The December 9th Budget – as forecast here – revealed that a car scrappage scheme which will apply in Ireland from 1 January 2010 to 31 December 2010. The scheme will provide for up to €1,500 reduction in Vehicle Registration Tax on a new car bought where a car of 10 years age or more is scrapped.
The Scrappage Scheme will run from 1 January 2010 to 31 December 2010.
See Details of Scrappage Scheme Extension to June 2011
VRT relief of up to €1,500 will be available.
The VRT relief will be provided where a new car is purchased with emission Bands Category A or B (i.e. with CO2 emissions of 140g/km or less) and an old car is scrapped.
The car being scrapped:
Must have been registered in the State in the name of the purchaser of the new car for at least 18 months prior to the date of scrappage,
Must be 10 years old or more from the date of first registration,
Must be scrapped after 9 December 2009,
Must be scrapped within 60 days of the date of the new car being registered, or have been scrapped within the previous 60 days of the date of the new car being registered,provided the date of scrappage is after 9 December 2009.

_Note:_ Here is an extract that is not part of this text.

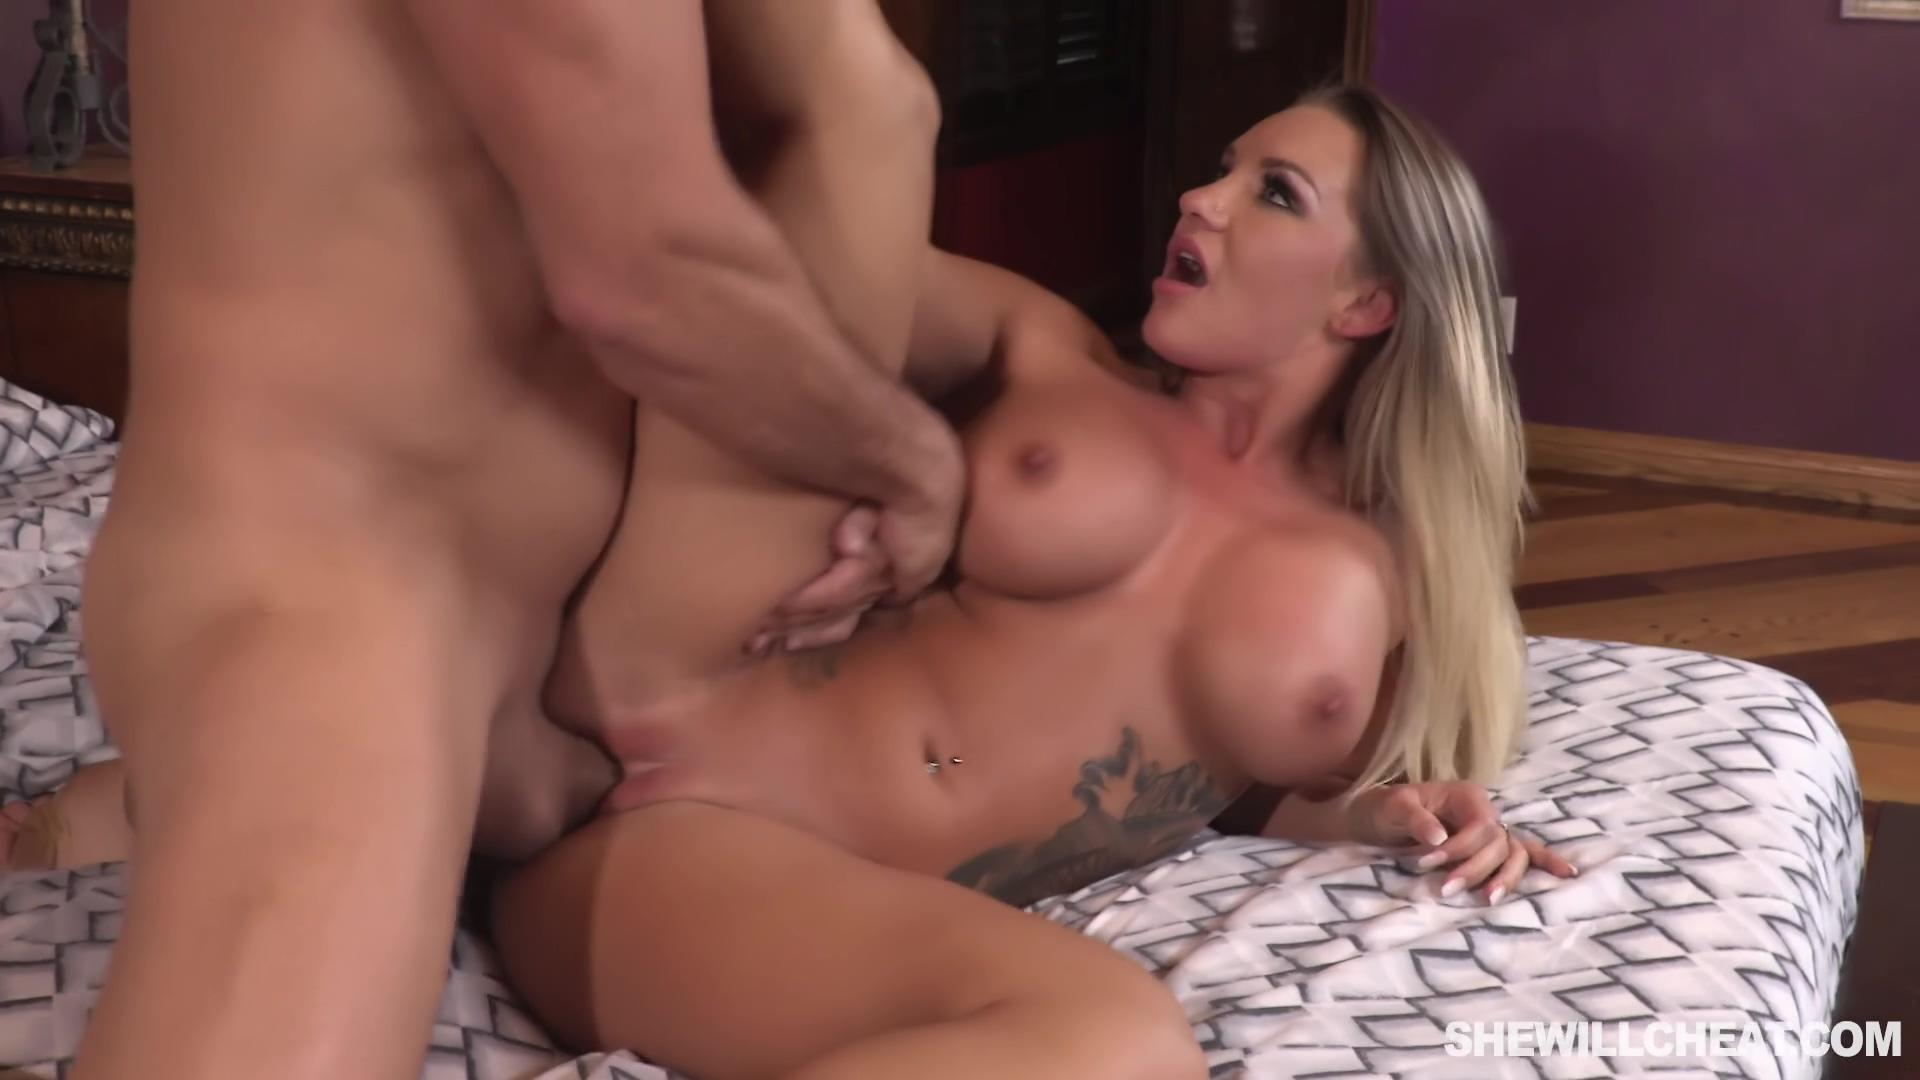 Anal Lover Cali Carter Cucks Her Husband Over Phone

Must have a valid NCT certificate of roadworthiness, or one that has expired no more than 90 days prior to issue of the Certificate of Destruction; or documentation to indicate that it has been presented for and failed an NCT roadworthiness test in the previous 6 months;
Must have been insured for use on the road for at least 12 months in the 18 months prior to the issue of the Certificate of Destruction.
Being ‘scrapped’ means that the old car has been taken to an official End of Life Vehicles (ELV) authorised treatment facility and a Certificate of Destruction is issued by the facility in respect of the car.